世にITは蔓延した。蔓延、ということばには、”それが蔓延したことは余りよくない”というニュアンスを若干でも含むので、では”ほぼ完成した”でもよいかもしれない。

ここでいおうとしている、ITとは、たとえばいわゆる”魔術”や”超能力”の名で”一般人には無理ですよ”というニュアンスのあった行為が、多くの人類に可能となったことを言おうとしている。

ITによって、遠くの人間に、意志を伝えることが可能になった。

どうやって?


ほら、”電話”ですよ。あるいは”メール”ですよ。


ええっ?


なんにも不思議はない、どこに”魔術感”があるのかな?

どこが”超能力”?



ハリポタ映画を見れば、画面の過去の大魔道師が壁面の額縁で動いている。

これはほら”サインボード”。


ひとつも不思議じゃない。

サインボードですよ??



ひらけゴマ、ってありますね。


あれ、自動ドア。




うーん、確かに勝手には開くけど。

あれは”キイワードを知っている人だけに開く特別感”がセットだったはず。これもちょっと違うなあ。



まあ、それはそうだ。魔法や、超能力は、すべからくそれを持った個人のみへの恩恵であった。


そこのところ、”万人に与えられる感”が魔法や超能力である、というイメージを想起させないのだろう。

まあ、そこはある。


だが結構いろんな魔法が実現しているのではある。

ITでは、テレパシイ。多くの人に自らの意見が伝わる。


翻訳コンニャク。


翻訳ソフト。名前を”コンニャク”に変えればいい。


まあ、精度はいまいちだが。これは進歩することはわかっている。



アトムは自我で悩んだ。ロボット3原則。ロボットに意志はない。


ん??意志ってなんだ?



区別できるのか?



それらしく反応するものに、意志があるのかないのか、本来的にわれわれに識別可能なのか????


魔法が、当たり前田のクラッカーのように、目の前で、自然体で実現していっている。


そして、そこに特段のありがたみもない。


自明の進化として、やってくる。順序を経ているので、そこに不思議感はないのかもしれないが。


これから何十年かすると、ITの進化が人間の思惑を超えるときがあるという。


それは、ITがコントロールできないこと、ITに管理される人間社会がディストピアとして夢想されてきたのだが、それがごく当たり前のこととして、到来するのだろう。


不思議は、ないだろう。


多分、ロボットは”意志を持つ”。


他人が生きているのか、死んでいるのかが、”意志”を”意志”と呼ぶ基準であるのなら。

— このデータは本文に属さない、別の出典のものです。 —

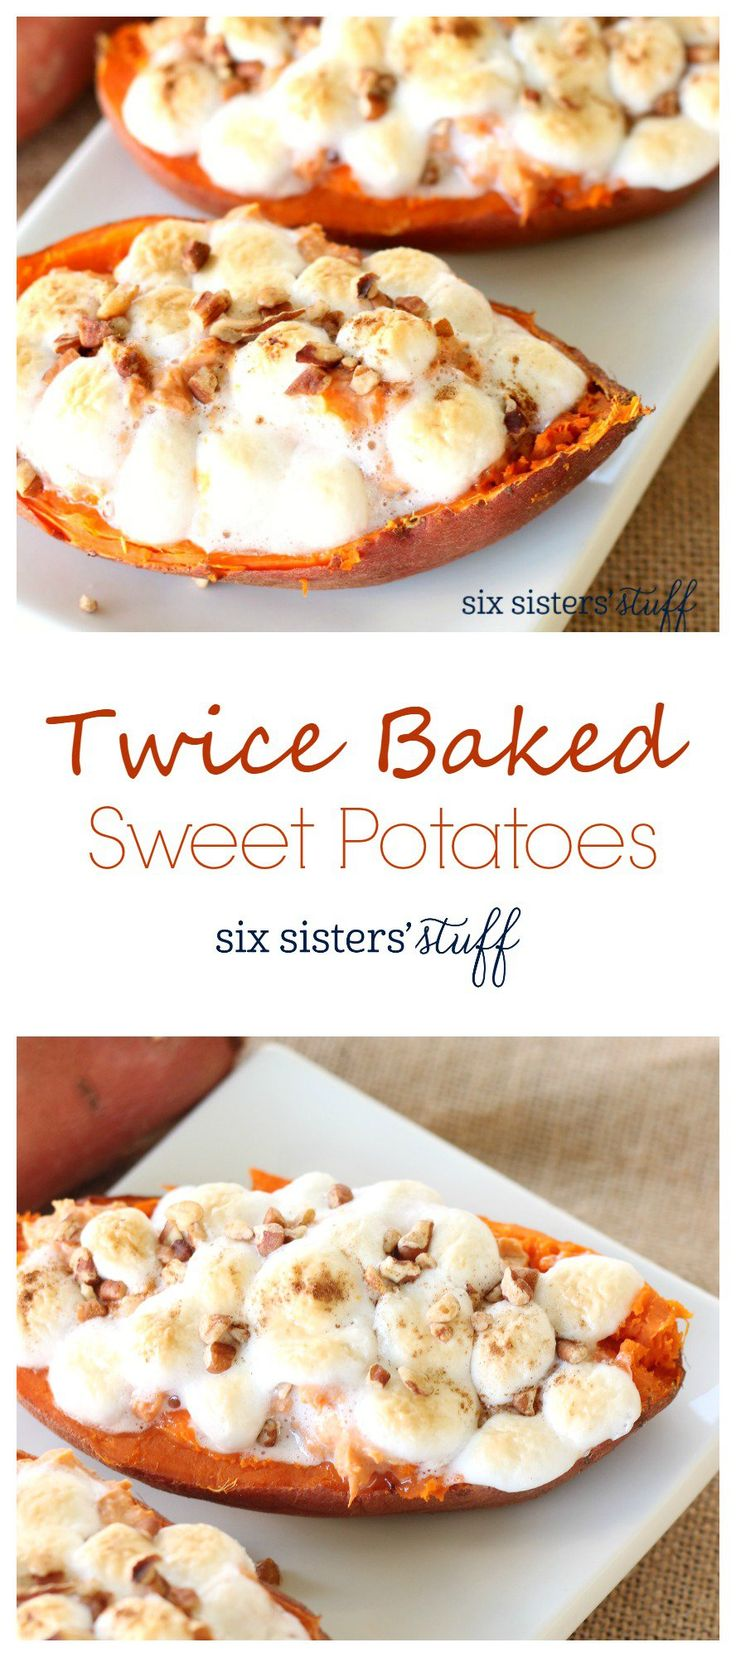 Twice Baked Sweet Potatoes | Six Sisters' Stuff

まあ、取り急ぎ一つくらい”臓器”をぶち込んだ機械を作ったのなら、それが”生きている”のか”死んでいる”のかの区別はあいまいとなる。



臓器は、たしか、培養できるんですよね。


豚の臓器でもいいのかも。


ああ、”故人の意志”をコピーした、豚の臓器をいれた”亜人間”。


いまはブラックジョークかもしれないが、これは来るなあ、確実に。

なかなかめんどくさい、問題かもしれませんね。



医学の倫理観、という。そこに宗教性があるのかないのか、とも。


ここでいう”宗教性”は単に”抑止力”の意味なのかもしれない。

”禁忌”という意味での。




そこで、”不老”。



IT長者が次の投資先として選んでいるのは”不老マーケット”。


たしかにそうだ。


”魔力”を半ば得た人類は、次はまじめに”不老長寿”へと挑む。


もうすでに、その”挑み”は始まっている。



いいことなのか、悪いことなのか。



そういう判断のない世界で、既にスタートしている。




八百万の神のいますこの日本で、それはなかば”野放し”状態で、”ガラパゴス進化”するのだろう。



それをとめることは、不可能である。



とめる必要があるのかないのか、それは進化している途中で、考えながら状況に対応してゆく、


それがこの日本国の作法なのであろう。



いやあ、なかなか大変ではある。